What the Apparatus Built

The modified SAVE system had been a key pillar of the second election executive order President Donald Trump signed earlier this year. The decision is a major legal setback for Trump in his efforts to use federal agencies to encourage a nationwide crackdown on noncitizens illegally on state voter rolls. The ruling leaves the future of the system uncertain.

The SAVE program was created under an immigration law mandating that the Department of Homeland Security help federal, state and local agencies prevent government benefits from going to noncitizens. Since the Trump administration significantly expanded its search abilities in April 2025, at least 25 states used it to check their voter rolls. Since then, at least 67 million registrations have been scanned through the program, according to the base article.

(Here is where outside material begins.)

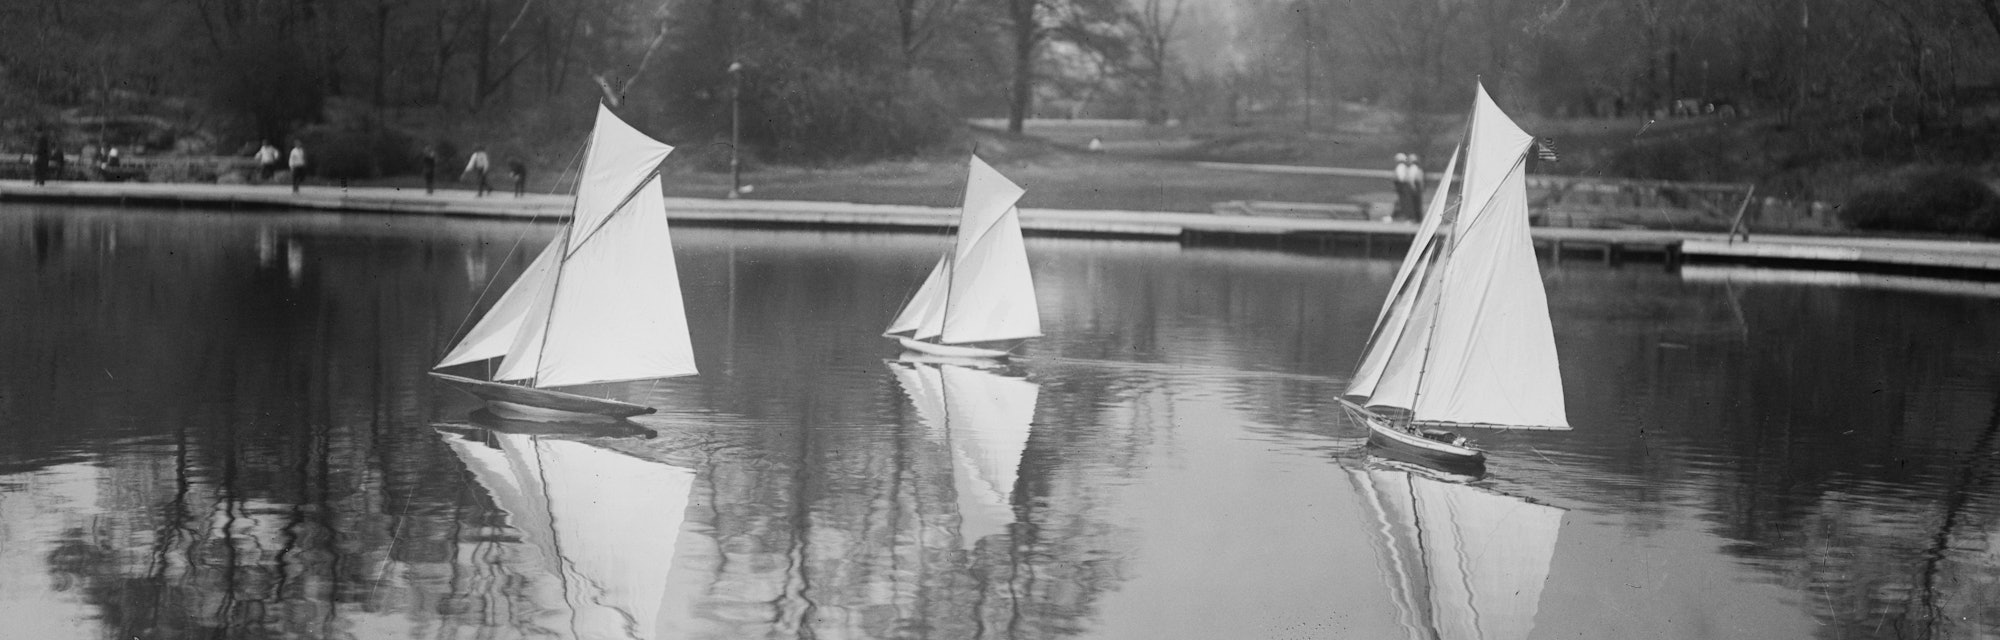 Model yachts during a race at Conservatory Lake, Central Park, New York City ca. 1910-1915. (Photo b...
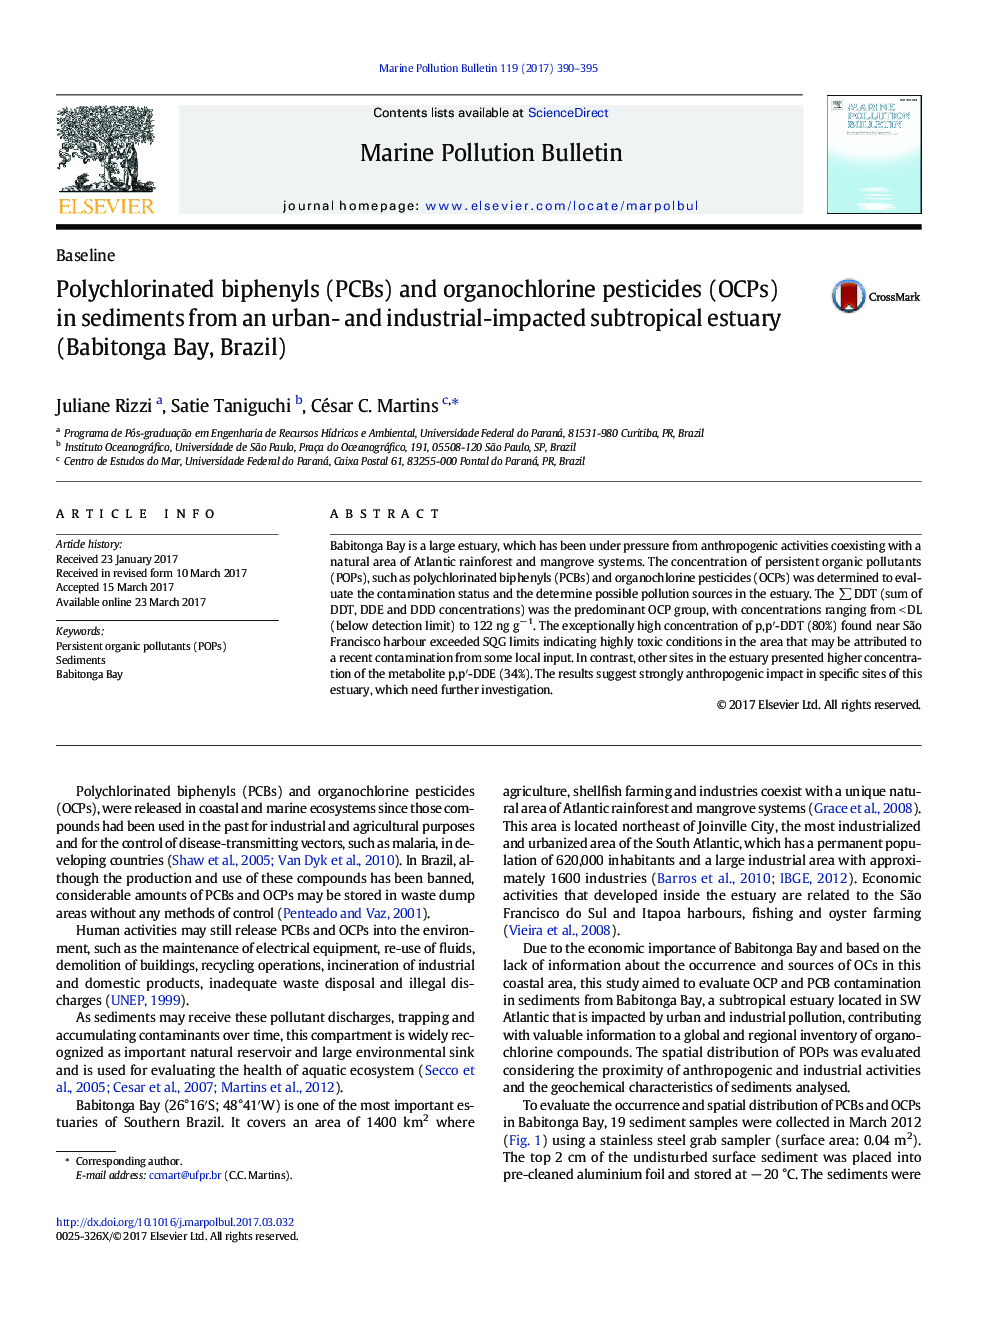 BaselinePolychlorinated biphenyls (PCBs) and organochlorine pesticides (OCPs) in sediments from an urban- and industrial-impacted subtropical estuary (Babitonga Bay, Brazil)

Critics worried the system could end up purging valid voters from the rolls. The plaintiffs also alleged the Trump administration violated federal privacy laws by ignoring transparency requirements about the changes to the system. Those claims centered on the same machinery of state power: a federal database, expanded search abilities, and a mass verification scheme built from private information collected and repurposed across agencies.

What They Said From Above

James Percival, general counsel at the Department of Homeland Security, responded in a social media post: “It’s amazing how hard the Left will fight to stop us from solving problems they insist do not exist.” The department referred to his post as its comment on the ruling. The Department of Justice did not immediately return a request for comment.

At the October hearing, plaintiffs attorney Nikhel Sus told the court that naturalized citizens face a greater risk of unlawfully being purged from voter rolls. “They are uniquely vulnerable to errors in the database,” said Sus, an attorney for Citizens for Responsibility and Ethics in Washington. On Monday, Sus said he sees Sooknanan’s ruling as an “across the board victory” and noted the plaintiffs were pleased the judge’s ruling reinforced their argument that the federal government doesn’t have implied authority to freely share sensitive data across agencies.

The case shows how quickly the machinery of election administration can become a surveillance project when federal agencies are told to build a system for mass voter verification. The judge’s ruling stops this version of SAVE from being used, but the broader fight over who gets to collect, combine and weaponize personal data for election control remains embedded in the same institutions that built the system in the first place.